| home / programming / Lucene / 1 | [previous][next] |
|
|
Different people are fighting the same problem—information overload—using different approaches. Some have been working on novel user interfaces, some on intelligent agents, and others on developing sophisticated search tools like Lucene. Before we jump into action with code samples later in this chapter, we’ll give you a high-level picture of what Lucene is, what it is not, and how it came to be.
Lucene is a high performance, scalable Information Retrieval (IR) library. It lets you add indexing and searching capabilities to your applications. Lucene is a mature, free, open-source project implemented in Java; it’s a member of the popular Apache Jakarta family of projects, licensed under the liberal Apache Software License. As such, Lucene is currently, and has been for a few years, the most popular free Java IR library.
As you’ll soon discover, Lucene provides a simple yet powerful core API that requires minimal understanding of full-text indexing and searching. You need to learn about only a handful of its classes in order to start integrating Lucene into an application. Because Lucene is a Java library, it doesn’t make assumptions about what it indexes and searches, which gives it an advantage over a number of other search applications.

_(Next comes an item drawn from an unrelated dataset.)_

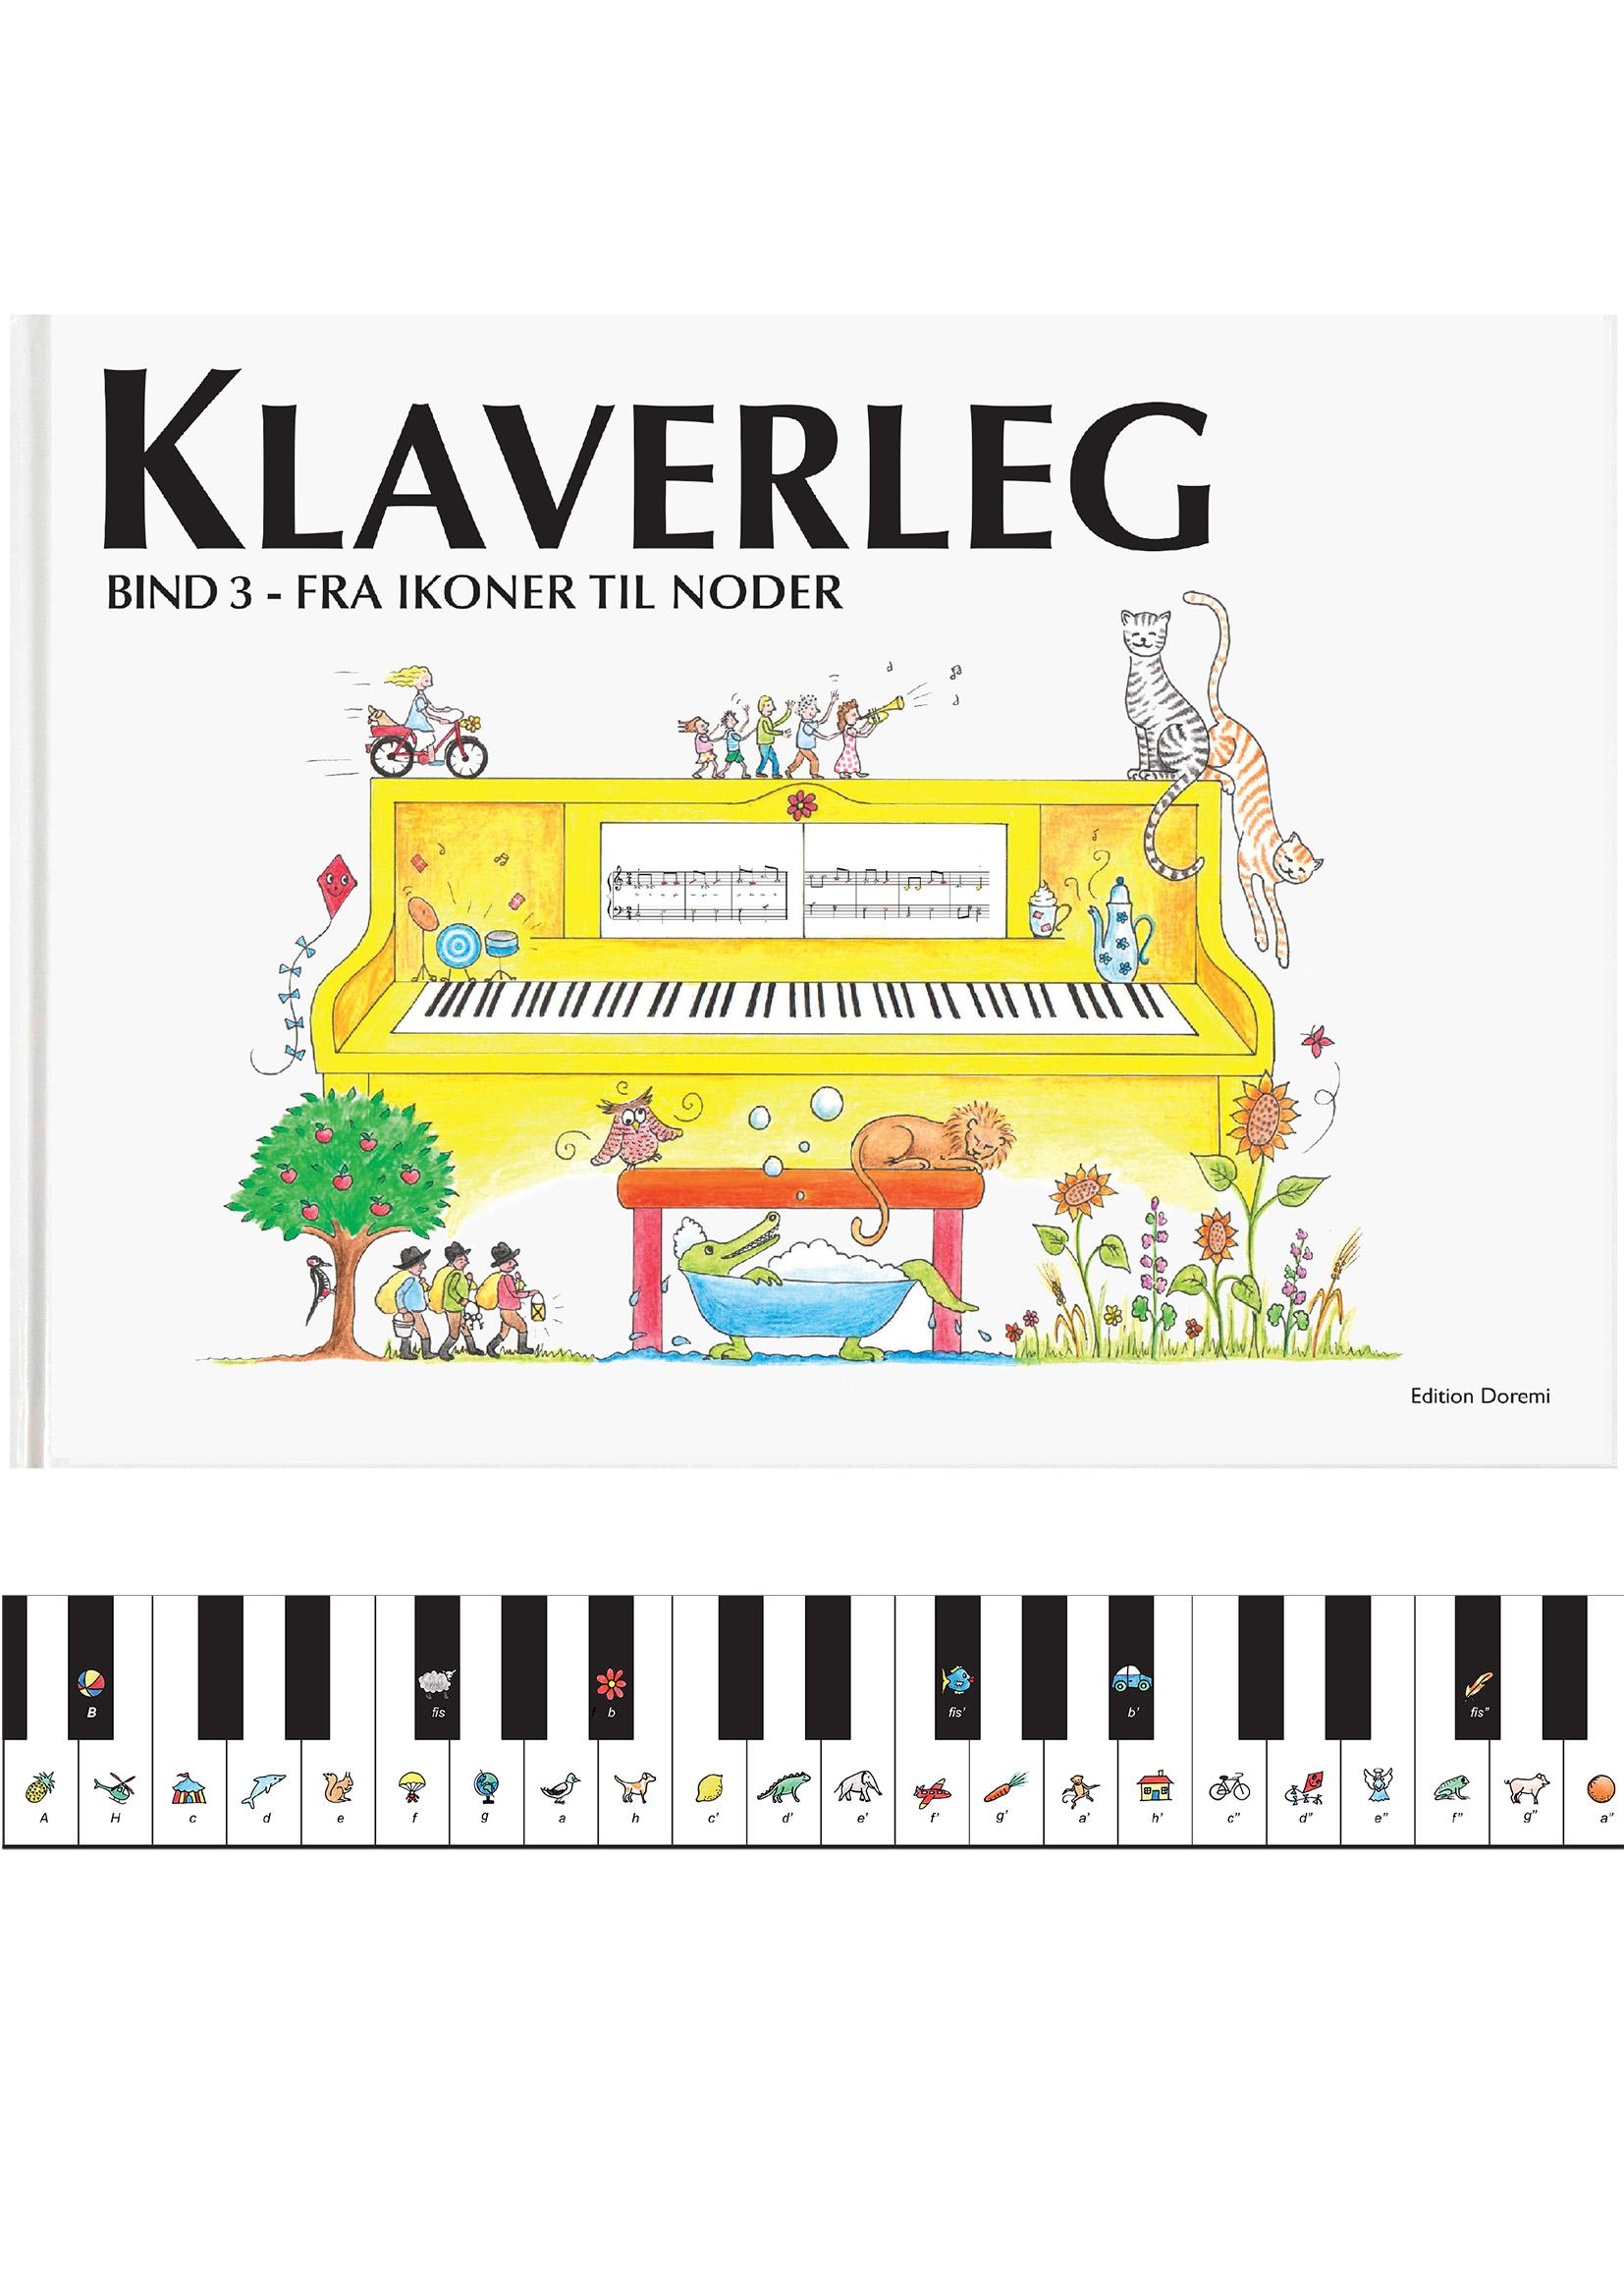 Klaverleg bind 3, fra ikoner til noder (gul)

People new to Lucene often mistake it for a ready-to-use application like a file-search program, a web crawler, or a web site search engine. That isn’t what Lucene is: Lucene is a software library, a toolkit if you will, not a full-featured search application. It concerns itself with text indexing and searching, and it does those things very well. Lucene lets your application deal with business rules specific to its problem domain while hiding the complexity of indexing and searching implementation behind a simple-to-use API. You can think of Lucene as a layer that applications sit on top of, as depicted in figure 1.5.
A number of full-featured search applications have been built on top of Lucene. If you’re looking for something prebuilt or a framework for crawling, document handling, and searching, consult the Lucene Wiki “powered by” page (http://wiki.apache.org/jakarta-lucene/PoweredBy) for many options: Zilverline, SearchBlox, Nutch, LARM, and jSearch, to name a few. Case studies of both Nutch and SearchBlox are included in chapter 10.

Figure 1.5 A typical application integration with Lucene
Lucene doesn’t care about the source of the data, its format, or even its language, as long as you can convert it to text. This means you can use Lucene to index and search data stored in files: web pages on remote web servers, documents stored in local file systems, simple text files, Microsoft Word documents, HTML or PDF files, or any other format from which you can extract textual information.
Similarly, with Lucene’s help you can index data stored in your databases, giving
your users full-text search capabilities that many databases don’t provide.
Once you integrate Lucene, users of your applications can make searches such as
+George +Rice -eat -pudding, Apple –pie +Tiger, animal:monkey AND
food:banana, and so on. With Lucene, you can index and search email messages,
mailing-list archives, instant messenger chats, your Wiki pages … the list goes on.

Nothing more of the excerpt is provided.